Github Integrates AI to Improve Accessibility Issue Management and Automate Feedback Triage
Host A: Welcome back to DevTools Radio, I'm here with my co-host and we've got a pretty interesting story out of GitHub today — they've rolled out an AI-powered workflow specifically designed to tackle accessibility issue management at scale.
Host B: Oh, this is a good one. Because accessibility feedback is one of those things that everyone agrees matters, but in practice it kind of... falls through the cracks, right?
Host A: Exactly, and that was literally GitHub's problem. Reports were coming in from support tickets, social media, discussion forums — no clear ownership, no centralized tracking. Different teams handling navigation, authentication, shared components — nobody really knew who was responsible for what.
Host B: So it's not that the feedback wasn't there, it's that it was everywhere and nowhere at the same time. What did they actually build to fix that?
Host A: They built a continuous automated workflow using GitHub Actions, GitHub Copilot, and their Models APIs. The whole thing starts with a standardized issue template — when someone submits an accessibility report, it captures structured metadata right away: the source, which components are affected, what barriers the user actually experienced.
Host B: And then I'm guessing that's where the AI kicks in? Because just centralizing intake is helpful, but that's not exactly the hard part.
Host A: Right, so once an issue is created, it triggers a GitHub Action that sends it to Copilot with carefully crafted prompts.

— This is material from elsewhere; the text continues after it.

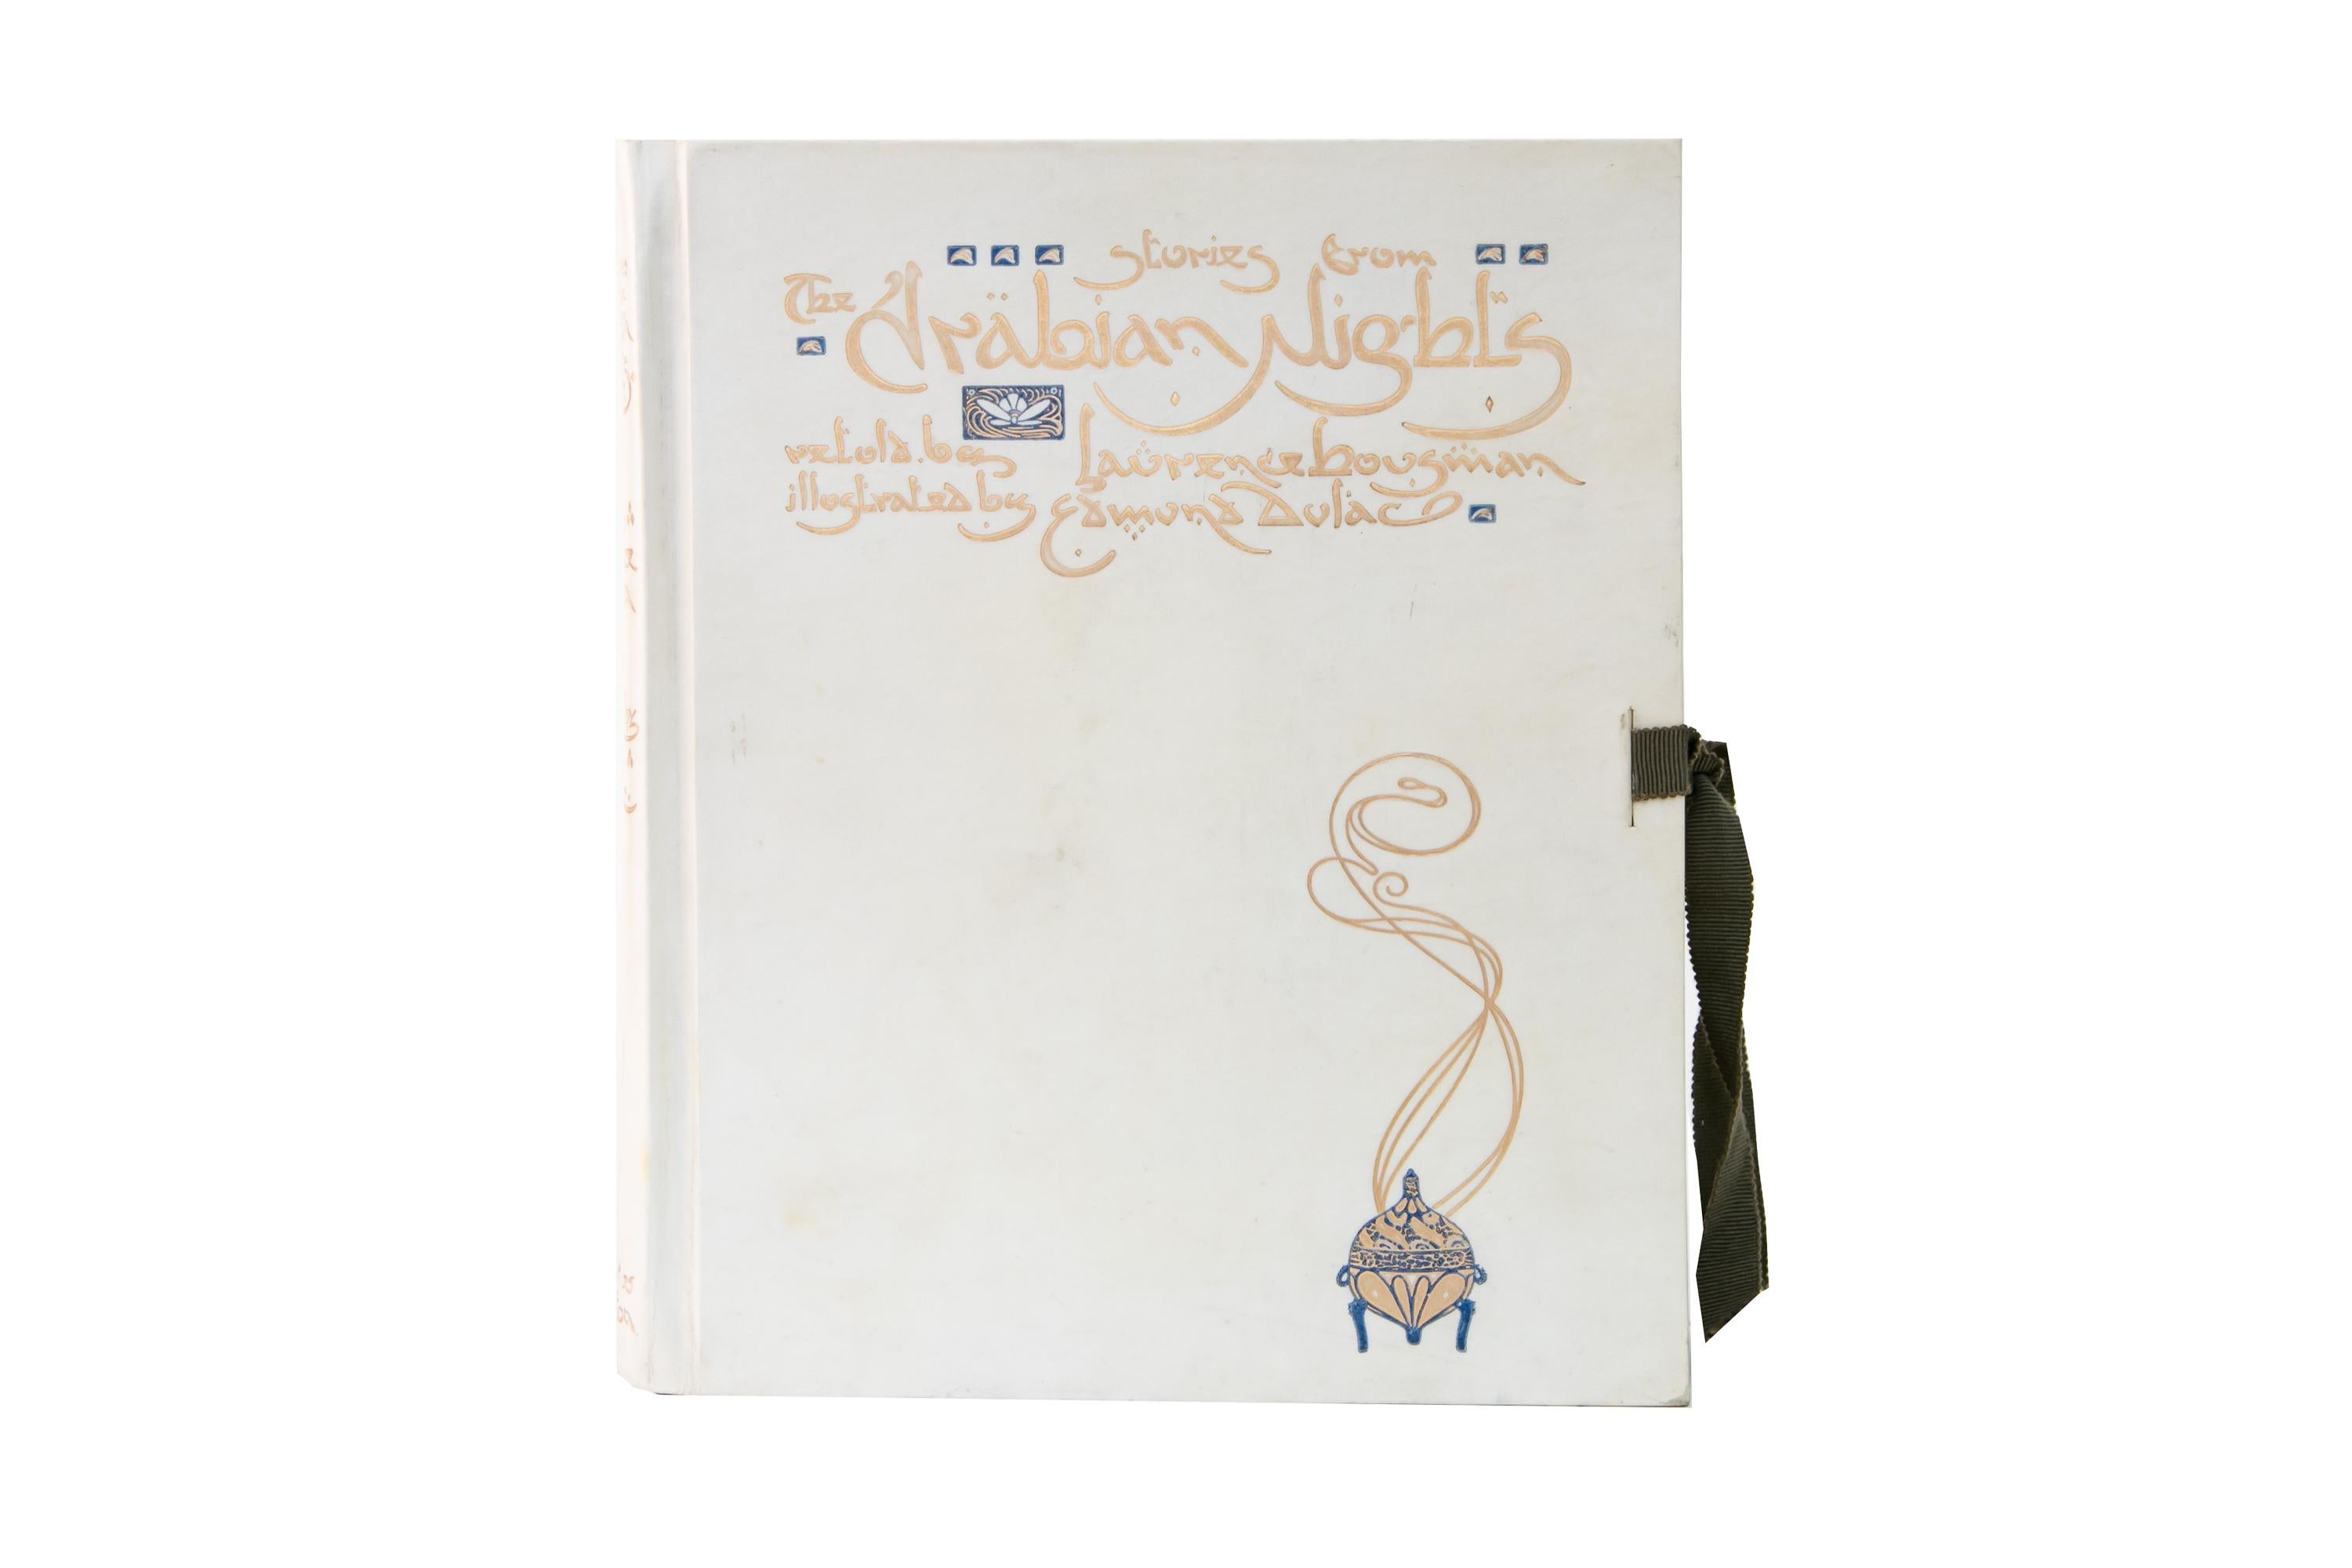 1 Volume. Laurence Housman, Arabian Nights. Limited Edition. Bound in full vellum with the covers and spines displaying gilded and blue titles and decorative details. The top edge is gilded and there is a linen tie attached to the covers. This

Copilot then classifies the WCAG violation — those are the Web Content Accessibility Guidelines — figures out the severity, identifies which user groups are impacted, like screen reader users or keyboard-only users, and even recommends which team should own the fix.
Host B: That's doing a lot of heavy lifting. And WCAG compliance isn't exactly light reading — there are hundreds of criteria across multiple conformance levels. Getting AI to map reports to specific violations accurately seems... ambitious.
Host A: It is, and they're pretty transparent about the limits. Copilot auto-fills about eighty percent of the structured metadata, but human reviewers still validate everything before it moves forward. The accessibility team corrects any misclassifications, and here's the clever part — those corrections get logged and fed back into the prompts to make the AI smarter over time.
Host B: So it's genuinely improving itself through real usage. That's the kind of feedback loop that actually makes AI systems useful in production rather than just impressive in demos.
Host A: And the numbers back it up. Before this system, only 21 percent of accessibility issues were resolved within 90 days. After? That jumped to 89 percent. Overall resolution time dropped by more than 60 percent year over year.
Host B: Okay, 21 to 89 percent — that's not a marginal improvement, that's a complete transformation of how the team operates. One customer engagement specialist on LinkedIn apparently said they're resolving four times as much feedback in the same 90-day window.
Host A: And what I think is the underrated part of this story is the coaching angle. Copilot isn't just triaging — it's also acting as an accessibility subject matter expert for developers who are writing and reviewing code. So it's building team knowledge, not just processing tickets.
Host B: Which is huge, because one of the biggest challenges in accessibility is that it's a specialized skill set that most developers don't have deep expertise in. If the AI is essentially mentoring engineers on accessible code practices as part of the workflow, that's a multiplier effect.
Host A: That's a great way to put it. Alright, that wraps up today's deep dive — GitHub showing us that AI applied thoughtfully to operational workflows, with humans still in the loop, can move the needle in a really meaningful way on something as important as accessibility.